Dataset records:
○ ○ ○

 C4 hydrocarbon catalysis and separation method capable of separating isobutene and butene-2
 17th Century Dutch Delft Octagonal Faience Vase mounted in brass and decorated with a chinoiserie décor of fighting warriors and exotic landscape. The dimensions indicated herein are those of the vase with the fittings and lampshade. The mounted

○ ○ ○

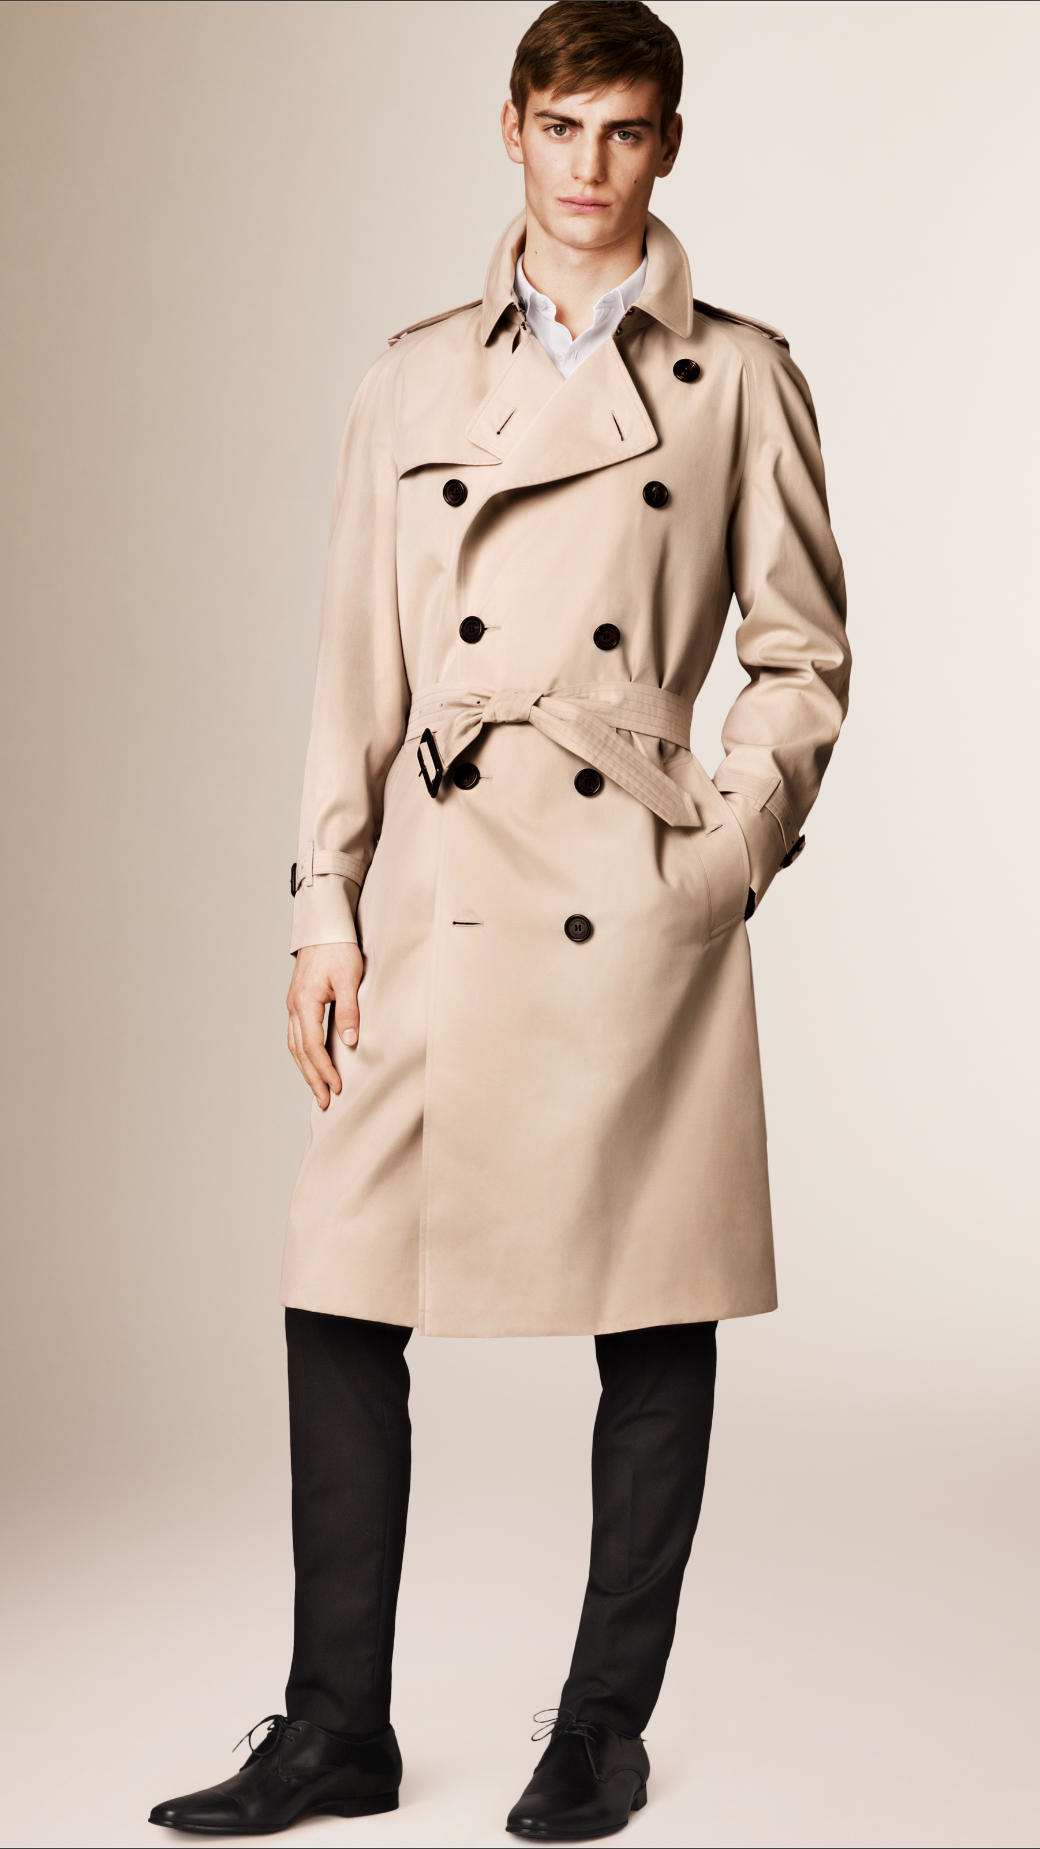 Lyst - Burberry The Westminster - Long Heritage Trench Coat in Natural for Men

○ ○ ○

About this exercise: Look above for the line holding "C4 hydrocarbon catalysis" and the line holding "17th Century Dutch", then output exactly those two lines and every line between them, nothing more.

Your response:
 C4 hydrocarbon catalysis and separation method capable of separating isobutene and butene-2
 17th Century Dutch Delft Octagonal Faience Vase mounted in brass and decorated with a chinoiserie décor of fighting warriors and exotic landscape. The dimensions indicated herein are those of the vase with the fittings and lampshade. The mounted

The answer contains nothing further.